Lo económico no era, pese a todo, lo peor. Más angustioso le resultó verse solo de la noche a la mañana. El proceder sibilino de Miriam consiguió expulsarle del círculo social que hasta el momento habían frecuentado. Los amigos son solo buitres que sobrevuelan vidas ajenas mientras hay carroña que devorar.
Todas esas catástrofes emocionales se habían encadenado de forma inexorable, en poco tiempo. Se diría que el universo, utilizando sus inagotables recursos, se había jurado empujarle hasta el mismo borde del abismo.
Maldito Léopold. Maldita Miriam. Malditos todos.
Seis balas.
La decisión era irrevocable.
Solo restaba decidir cómo y cuándo.
Apagó el televisor y se quedó mirando al techo, descorazonado, sin fuerzas, pensando en el paso terrible que estaba a punto de dar, cuando el tono estridente de su teléfono móvil le sobresaltó. Llevaba días sin sonar. Lo localizó en el bolsillo de su americana, colgada de una percha tras la puerta de su habitación.
Apenas quedaba batería.
—¿Sí?
—Henry, soy yo, Gisèle…
—¡Hola, Gisèle! ¿Cómo estás? —murmuró cansino—. Ya sé que hace varias semanas que no sabéis nada de mí. Discúlpame, pensaba llamar un día de estos.
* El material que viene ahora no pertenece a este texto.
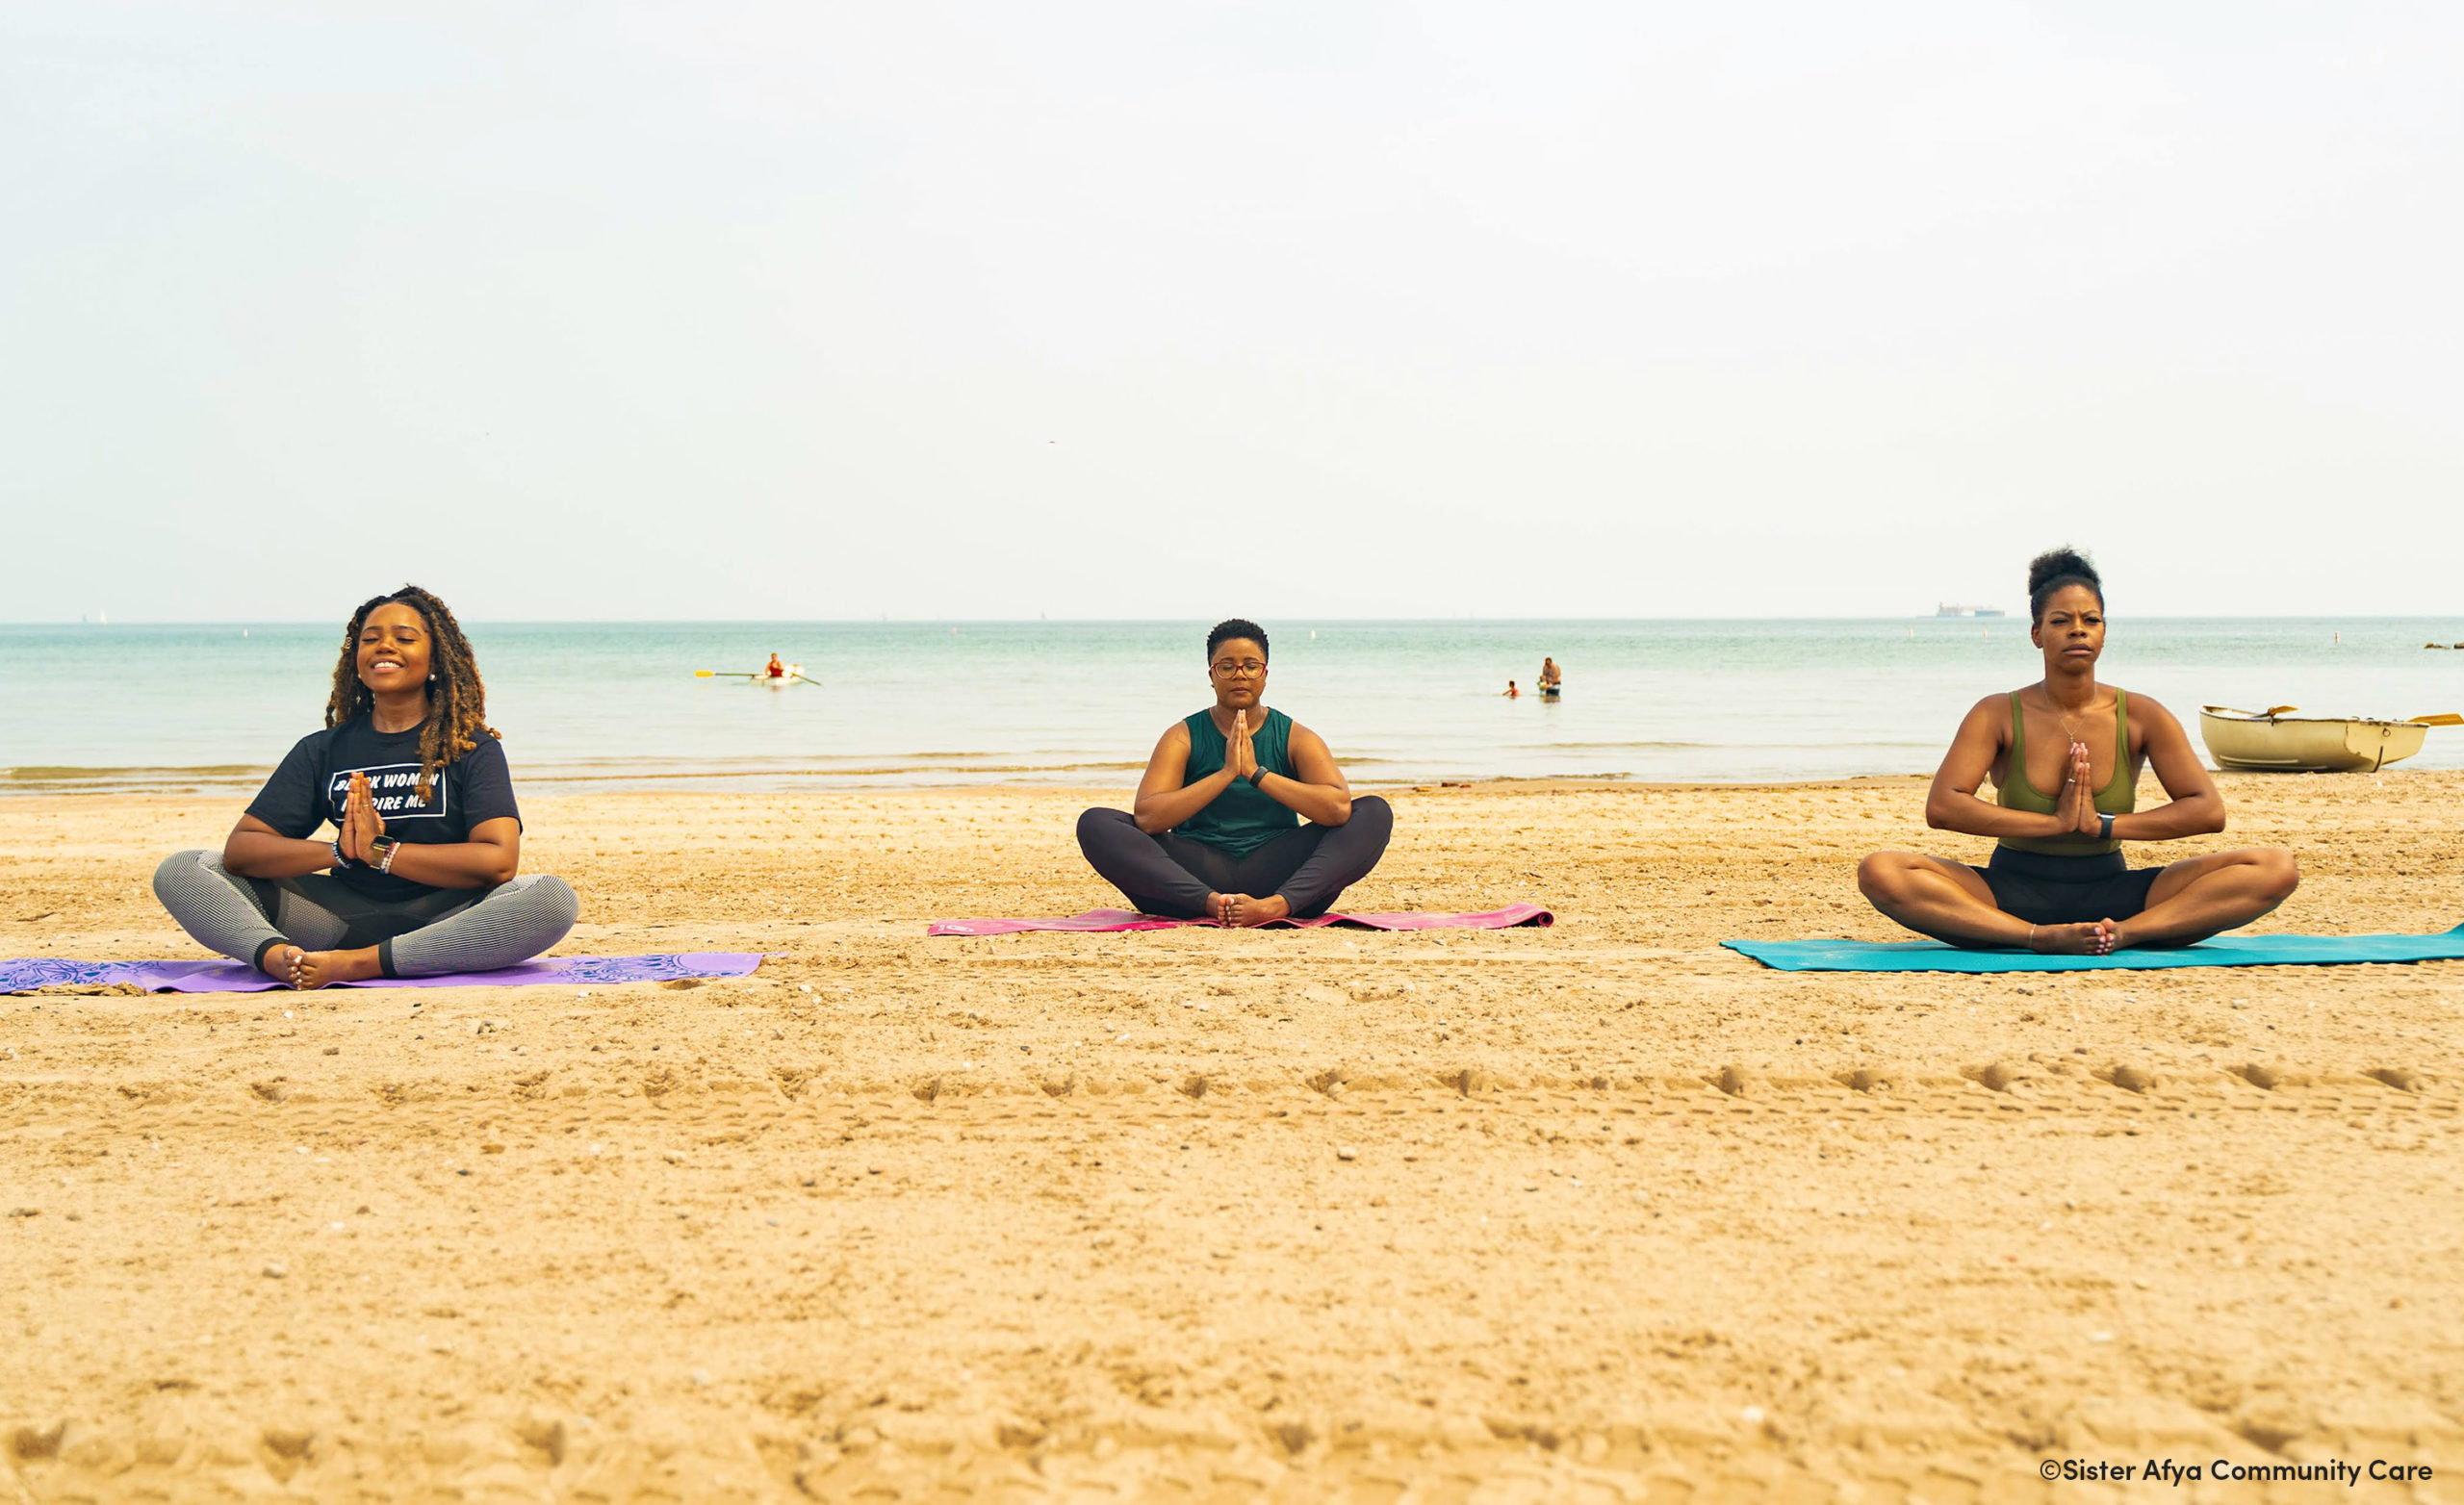 Photo of the Sister Afya Community Care program that shows three women of color in a yoga pose on the beach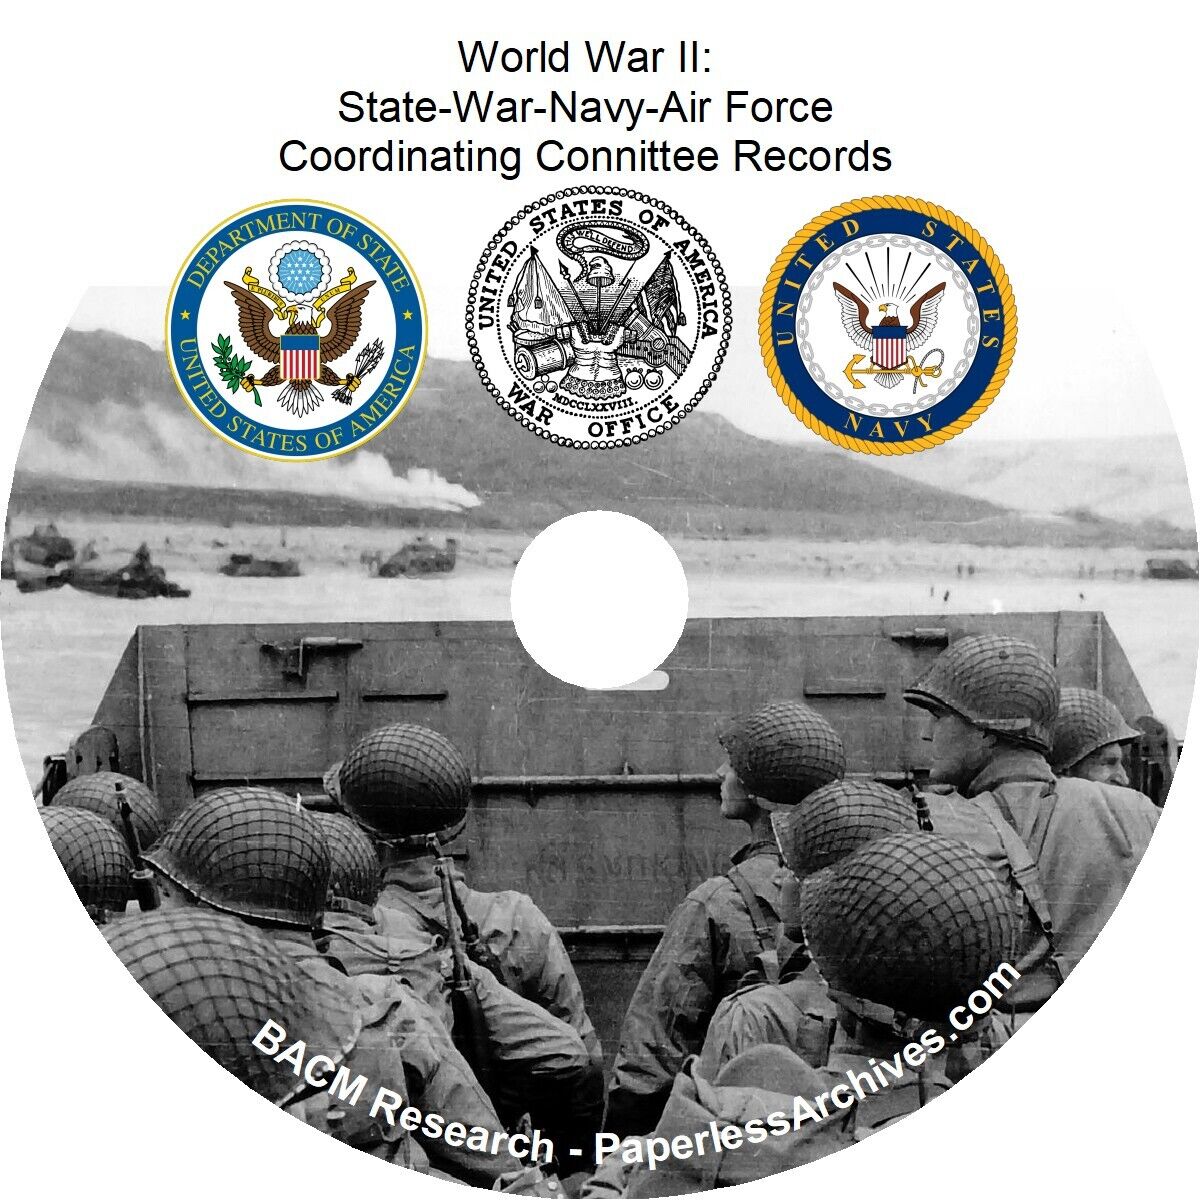 World War II: State-War-Navy-Air Force Coordinating Committee Records

Se levantó y se puso a pasear como una fiera enjaulada por el apartamento.
—Olvida eso ahora, no importa. Lo siento, Henry, pero tengo que darte una muy mala noticia. Será mejor que te sientes.
De forma instintiva, atemorizado, el publicista retrocedió hasta afianzar su espalda contra la pared.
A lo largo del siguiente minuto, mientras su cerebro luchaba por soportar lo que Gisèle le comunicaba con voz temblorosa desde el otro lado de la línea, fue desplomándose lentamente, a peso, hasta quedar encogido en un rincón.
Colgó y dejó que el aparato resbalara entre sus dedos.
Abandonado en una estación desolada, por la que ya no pasaría tren alguno, Henry Gaumont derramó las pocas lágrimas que restaban en medio de un silencio opresivo.
Y de modo instintivo, su mirada rendida paseó por la soledad del lugar hasta posarse en esa puerta de escape que era la pistola.